祭りの賑わいの中、親子は露店で香ばしく焼かれた魚の串焼きを手にすると、ほくほくと湯気を立てるそれを大切そうに抱えながら、自分たちの住まいへと歩みを進めていた。表通りから一つ後ろの路地に入るとそこは静かで暗くなった。
「このお魚、美味しいねっ!」
「そうだね、お父さんの分も買っておいて良かったね」
「うんっ」
二人の声が静かな路地に響いたその時、凪の日だったはずなのに風が吹き始めた。少女はその風で揺れた髪の毛を空いた手の方で押さえた。
「お母さん、風が吹いてきた~」
「えっ?風?あら、本当。今日は凪の日だと思っていたのに不思議ね」
少女にはその風の音に紛れてノラ魔族の遠吠えも聞こえた。
「遠吠えも聞こえるね~っ!うぉぉんだってぇっ!」
「そう?私には聞こえないけど……」
「聞こえるよぉ~。うぉぉぉん、うぉぉぉん、あははっ」
「さぁ、それよりも早く家に帰ってお父さんを迎えないとねっ」
「うんっ!」
二人が家路に急ぐとうっすらと煙が漂い始めた。それはまるで肉を焼く香ばしい煙のように思われた。
「クンクン……変な匂いもしてきたよ」
「本当ね、露店で売っているお肉の……」
少女は、話していた母の言葉が途中で途切れ、握っていたはずの手もふいに離れたことに気づき、何が起こったのかと戸惑いながら振り返った。
「……あれ?お母さん……?」
しかし、いるはずの母親に代わって、そこに立っていたのは大きなナタを持ったノラ魔族――ブラッドウッド・ウォーデンだった。
「あ……」
少女の母はすでに絶命していた。
それの持つナタによって断たれた首が転がり、かすかに揺れていた。

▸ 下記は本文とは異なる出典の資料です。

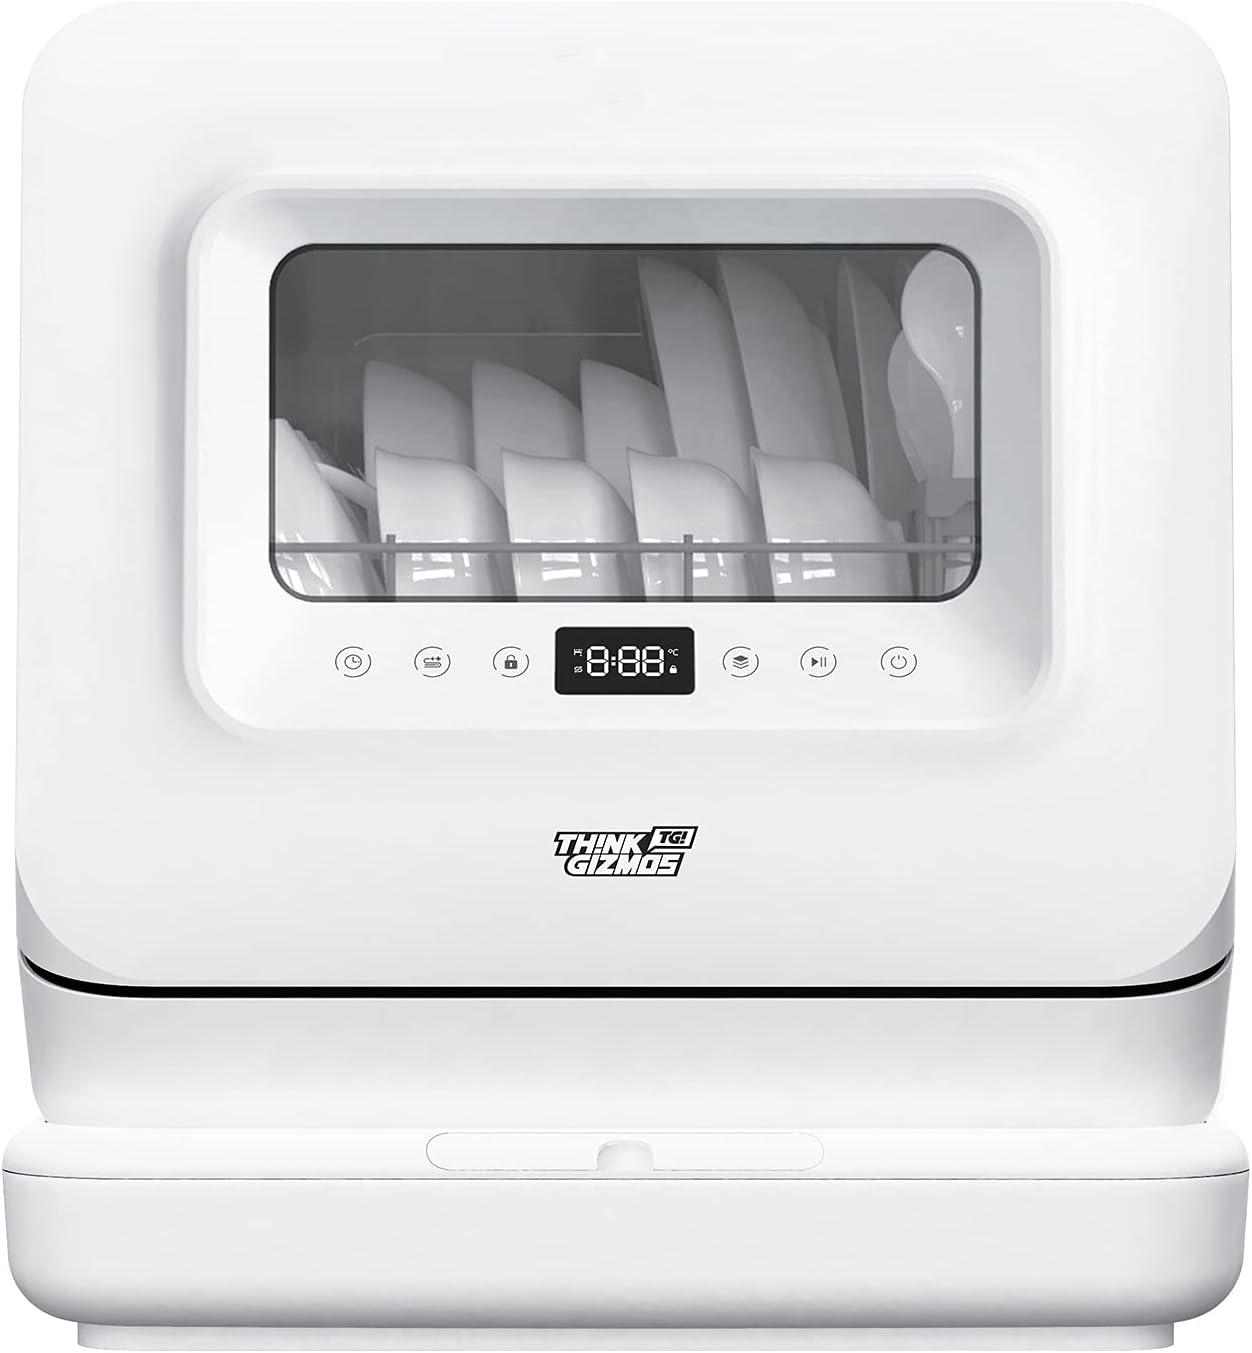 Think Gizmos Portable Countertop Dishwasher

傍らには父のために買った串焼きとまだ食べかけのそれが無造作に落ちていた。滴る鮮血が串焼きに混ざると、ブラッドウッド・ウォーデンは無言で手を伸ばし、血の染みた串焼きを一口で食べ、静かに少女を見つめた。
「あ、あぁ……」
始めて見たノラ魔族に少女は立ち尽くして震えて動けなくなり、次の瞬間、ナタが振るわれた。